Rahul Subramaniam: Yeah.

Hilary Doyle: Yes. But I have a problem with that because especially for Rahul, who is currently living in India, cattle are holy.

This is AWS Insiders, an original podcast from CloudFix, bringing you what you need to know about AWS through the people and the companies that know it best. CloudFix is the nonstop automated way to find and fix AWS recommended savings opportunities. It never stops. I’m Hilary Doyle. I’m the co-founder of Wealthy Works Daily.

Rahul Subramaniam: And I’m Rahul Subramaniam. I’m the founder of CloudFix.

Hilary Doyle: Rahul, we are talking about infrastructure as code today. I’m extremely excited, so don’t get me wrong. I am looking forward to the show, but I’m also wondering if this might be our shortest episode ever.

Rahul Subramaniam: That would be an absolute shock to me, Hilary. But again, I like efficiency. So what have you got?

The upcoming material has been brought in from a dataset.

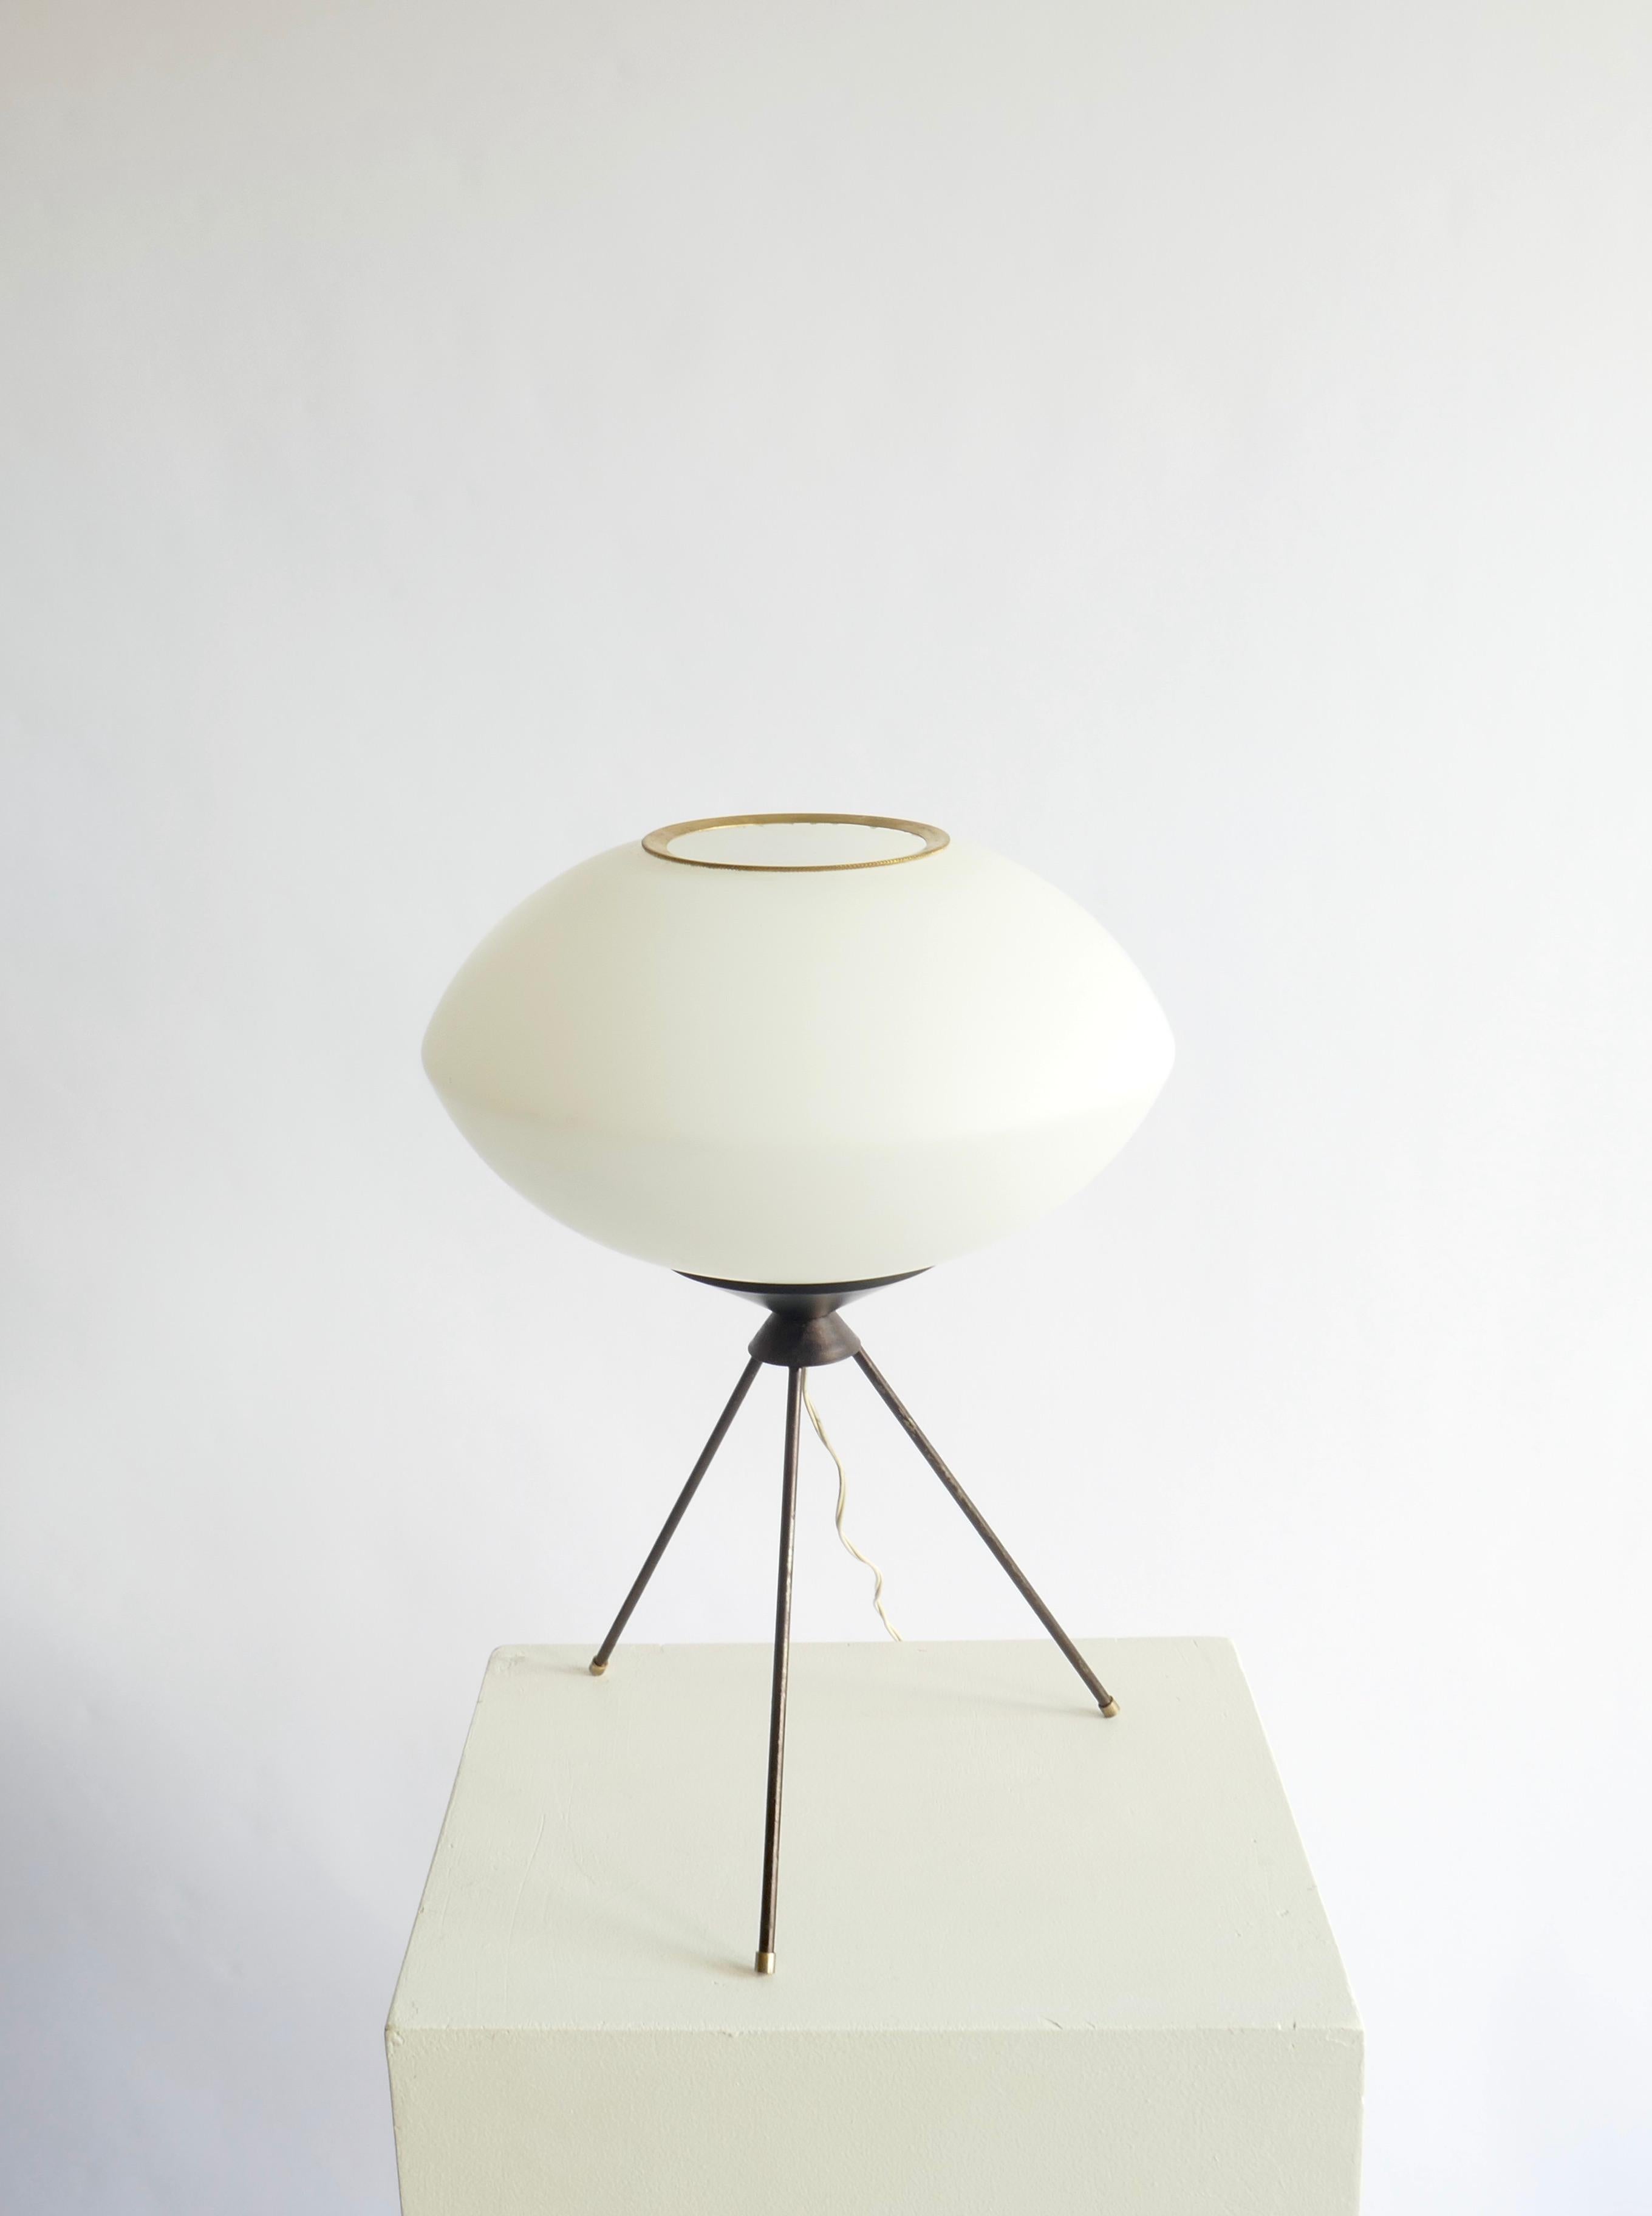 A versatile table lamp. A wrought iron tripod base and an opaline glass globe.
Italy, 1950s.

Hilary Doyle: Okay. Well, thank you for letting me continue. The thing about IaC seems to be, from my layperson’s perspective, that it’s a pretty complicated DevOps approach that sort of masquerades as an easy fix. I say this because I have read a lot of not so subtle cries for help from engineers who are saying, “Everybody else seems to be having a really easy time with this. So what am I doing wrong?”

Listen, from my perspective, it just seems like IaC is complicated because code gets complicated, particularly when configurations are dynamic over time. And I just-

Rahul Subramaniam: Hilary, Hilary, hold on, hold on. Hold on one second. One second.

Hilary Doyle: Uh-huh?

Rahul Subramaniam: It sounds like you have questions that’s going to take another 30 minutes to articulate.

Hilary Doyle: Oh, I’m sure.

Rahul Subramaniam: So what are you driving at? Let’s get right to it.

Hilary Doyle: All right. What I’m saying is, I mean, we could debate the pros and cons of IaC. We could try to solve for the structural realities, but also we’re having a pretty good moment with AI. And so, I’m curious about whether we may finally have reached a place where we could just leave it to AI to code and automate and sort out our DevOps while we go and enjoy the spring.

Rahul Subramaniam: Well, we are not there yet, Hilary, but hopefully soon. I’m really hopeful.

Hilary Doyle: Okay. Well, hope isn’t going to write this episode. So for now, I guess we will take on IaC. Let’s get to it.

Infrastructure as code has become the de facto industry standard, but that has not led to an agreement about how it should be implemented or how best to run Agile or really even what IaC is. AWS cloud formation made IaC an essential DevOps practice almost overnight. But is anyone actually having an easy time with this? And Rahul, why is it still such a hot button issue?

Rahul Subramaniam: Okay, Hilary, while IaC has been around for over a decade, it’s only recently become common practice. I mean, thanks to the growth and eruption of the cloud itself. With this growth, developers look for tools to retain their sprawling infrastructure and return to what they were most comfortable with, which is code.

But code comes with its own problems. I mean, including an ever-growing variety of languages that span different paradigms and – of course – different levels of abstraction. When it comes to IaC people just aren’t talking about all the pitfalls and the best practices like we’ve learned to do with code. We just don’t talk about things like technical debt when we talk about IaC.

Hilary Doyle: Got it. We are going to dig into all of this and more with our guest, Kyle Brown. He comes to us from IBM. But first as always, your AWS news headlines.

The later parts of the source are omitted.